Heat 2 tsp olive oil in a large heavy frying pan over medium-high heat.
Add 1 tsp minced garlic and the 4 oz can diced green chiles; cook, stirring, about 1 minute.
Stir in 1.5 tsp ground cumin and 1/4 tsp ground chipotle or cayenne and cook about 1 minute more to bloom the spices.
Add 2 lb ground turkey and 1 tsp salt; break the meat apart with a turner and cook until the liquid has evaporated and the turkey begins to lightly brown, stirring occasionally.
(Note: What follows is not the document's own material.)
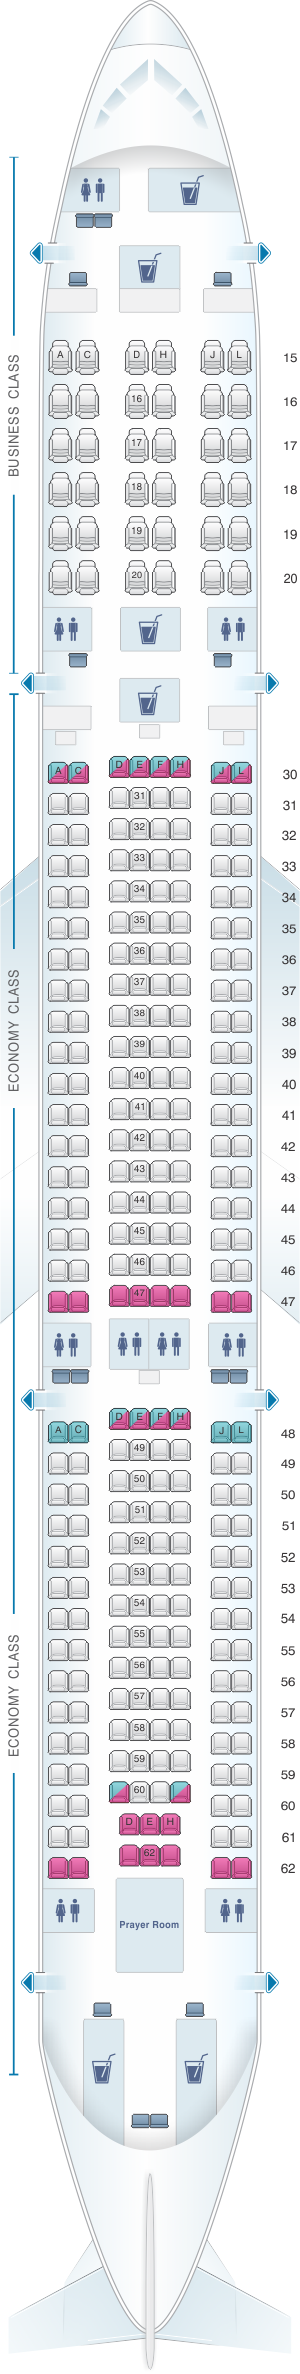 Seat Map Saudi Arabian Airlines Airbus A330 300 333 Seatmaestro

Do not rush browning.
While the turkey cooks, thinly slice 1/2 cup green onions and finely chop 1 cup cilantro; wash and dry the cilantro first.
Peel and dice avocado (if using), place in a bowl and toss with 2 T fresh lime juice; stir in chopped tomato and chopped cilantro and season with salt to taste.
Cut off the root end of the iceberg lettuce, remove the core and discard tough outer leaves; cut remaining head into quarters to form cups for filling.
When the turkey is lightly browned, add the sliced green onions and cook 1–2 minutes more.
Remove the pan from heat and stir in the cup of chopped cilantro and 2 T lime juice; adjust seasoning with salt if needed.
Spoon turkey mixture into lettuce cups and top with the avocado–tomato–cilantro mixture as desired.